◆ Information provided:
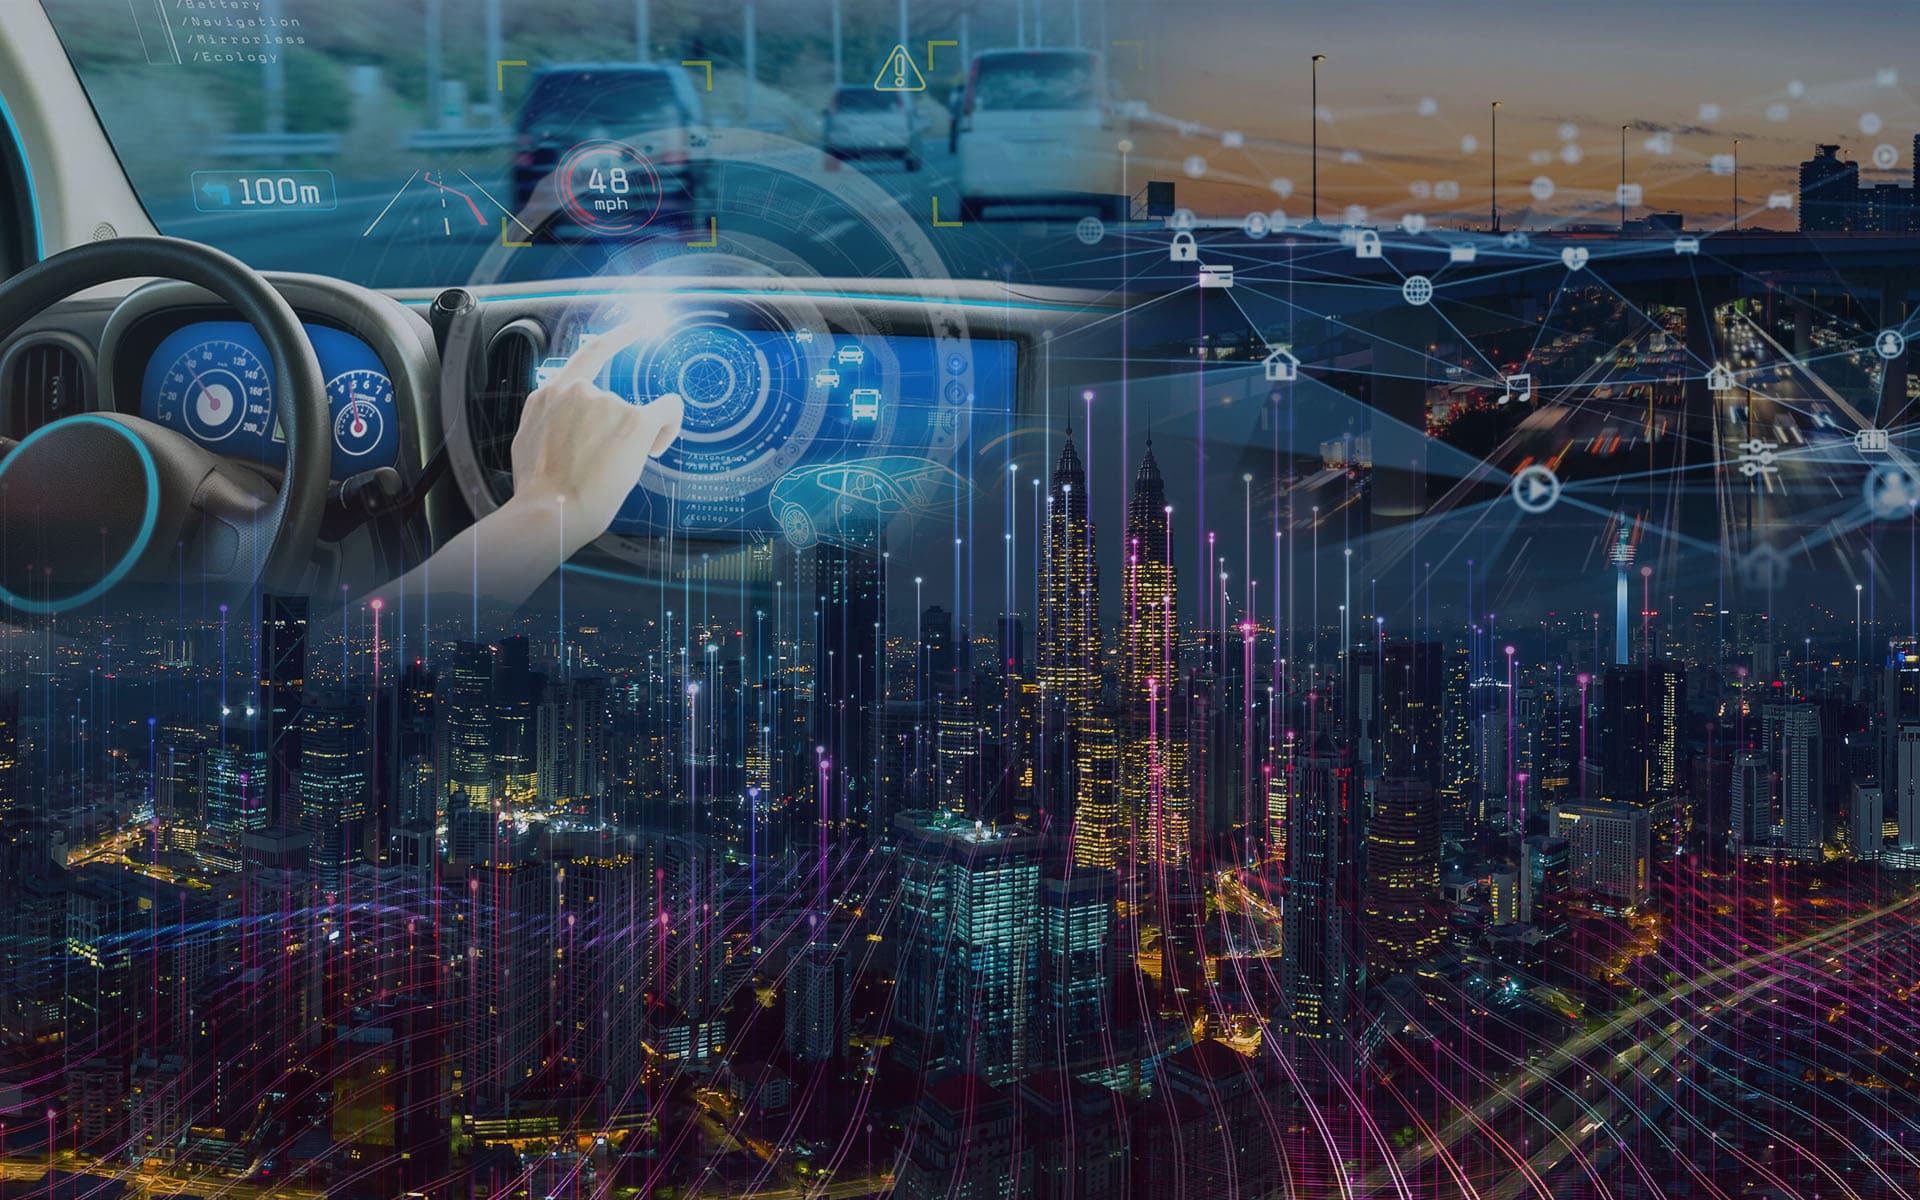 5G test mmWave Automotive Radar Testing - SPEA
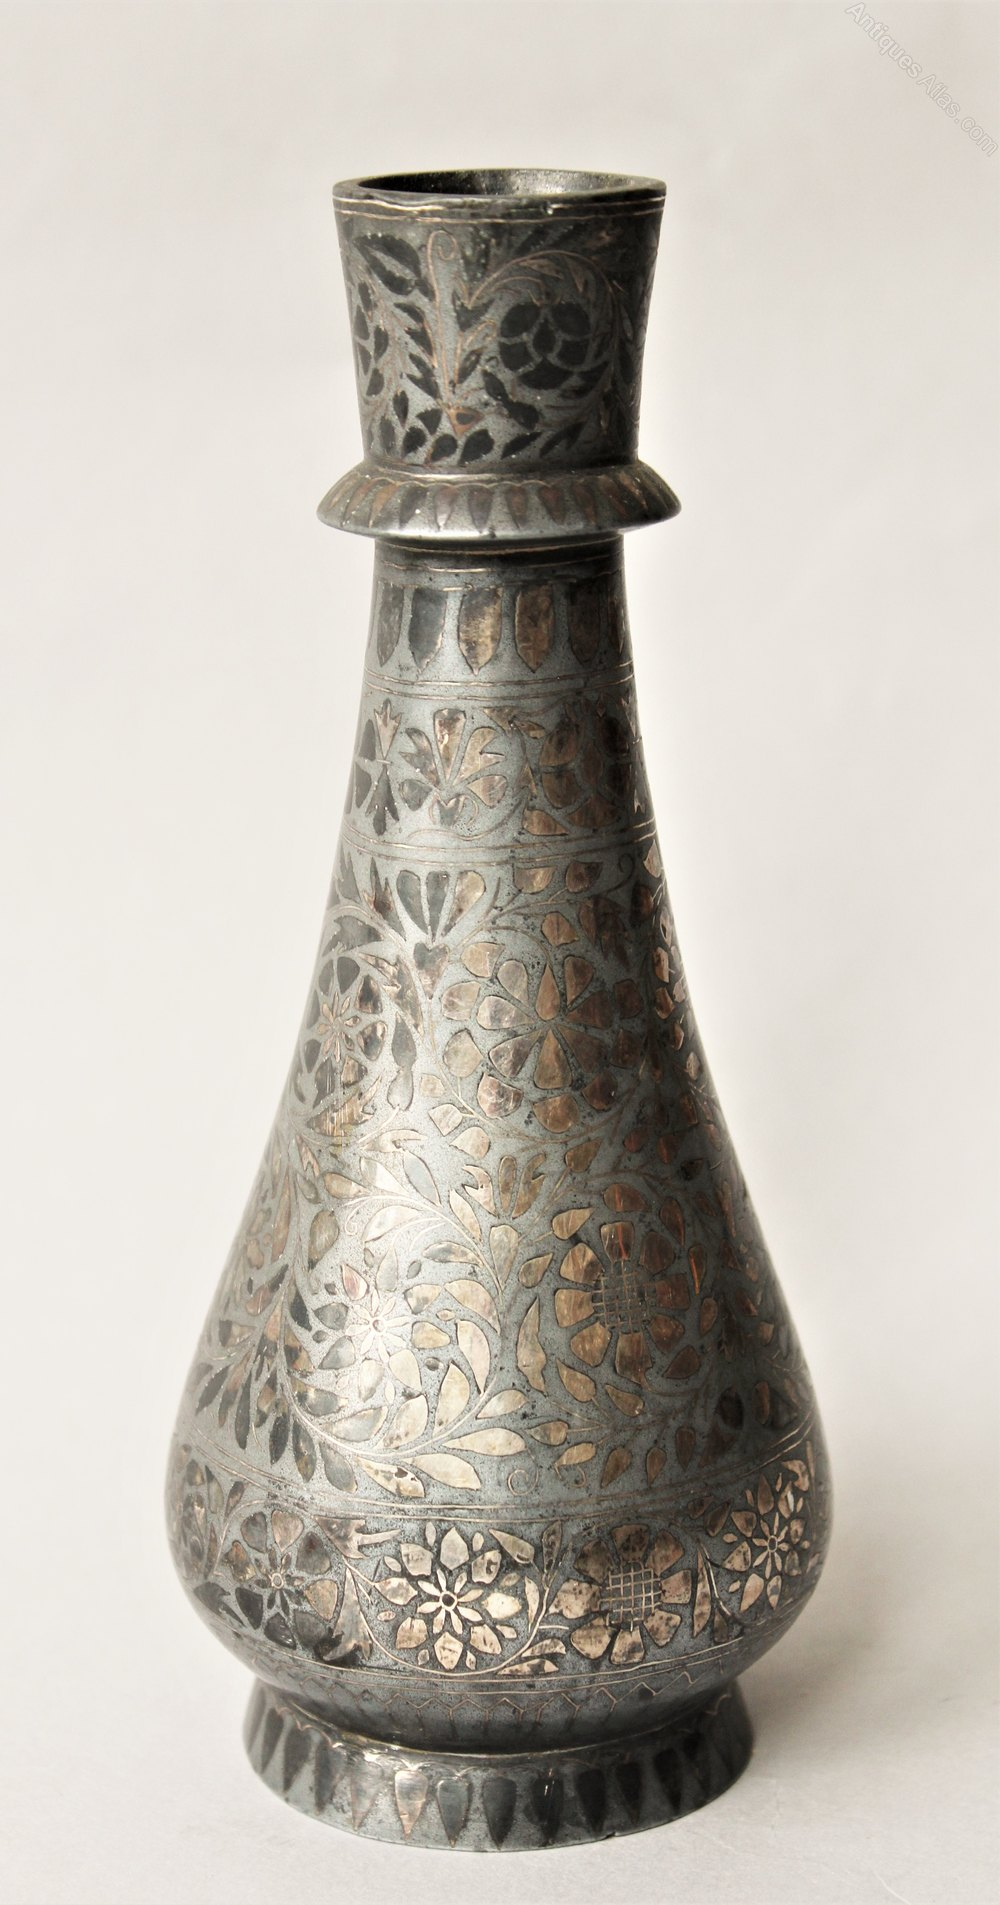 antiques atlas antique indian bidri vase silver inlay. Black Bedroom Furniture Sets. Home Design Ideas
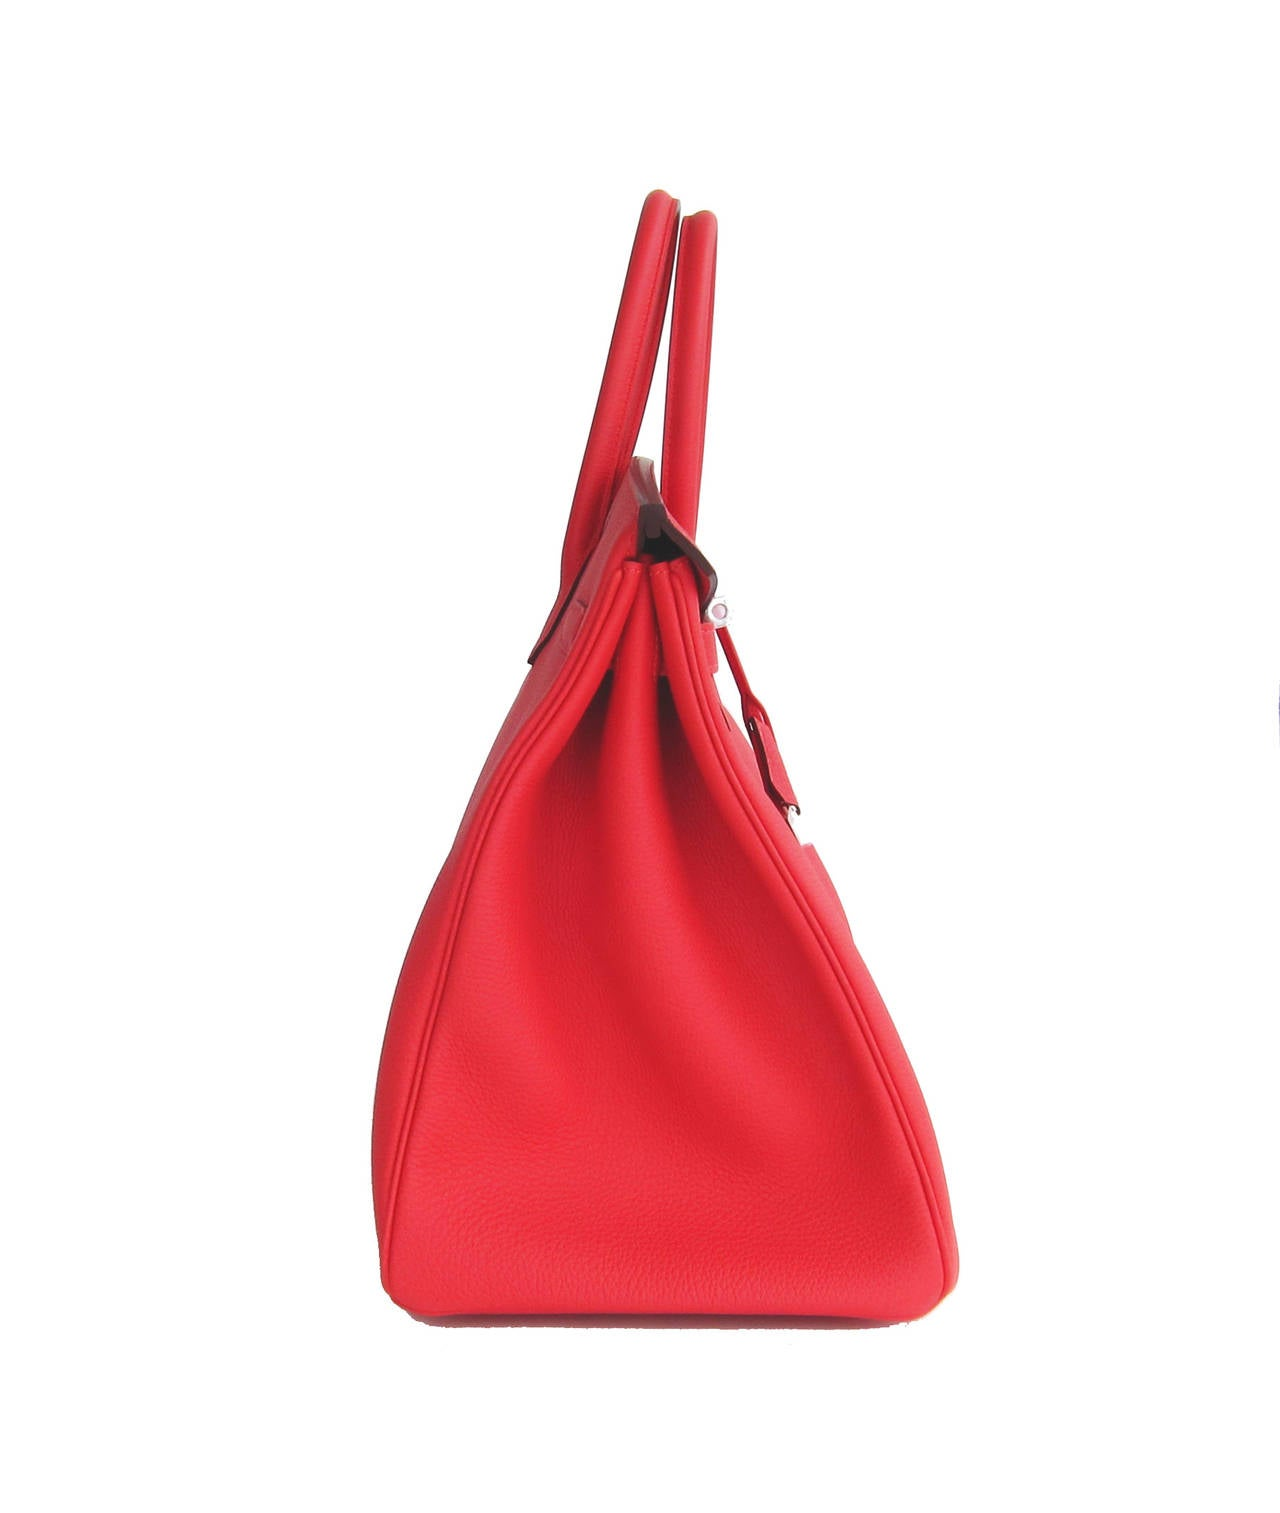 Hermes Rouge Pivoine 40cm Togo Birkin Bag Palladium Luscious For Sale 2
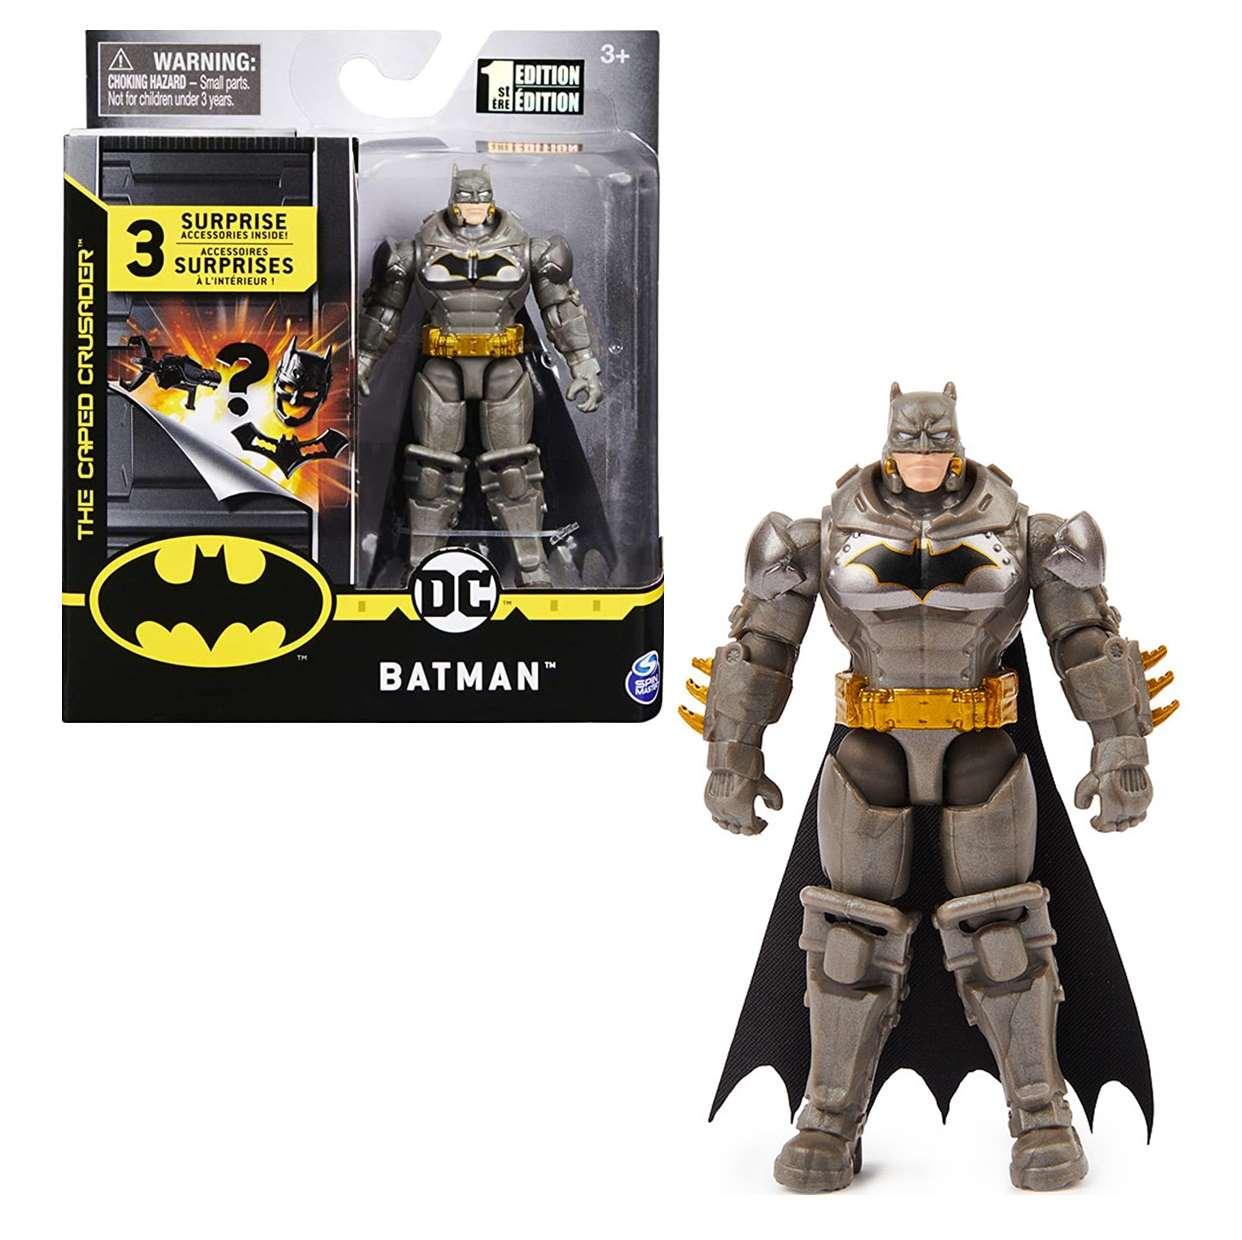 Batman Armor Gray Figura The Caped Crusader Spin Master

◆ Exercise requirements: Nothing but the lines from the one holding "Hermes Rouge Pivoine" through the last line of the listing should appear in the answer, copied exactly and without pictures.

◆ Solution to the exercise:
 Hermes Rouge Pivoine 40cm Togo Birkin Bag Palladium Luscious For Sale 2
 Batman Armor Gray Figura The Caped Crusader Spin Master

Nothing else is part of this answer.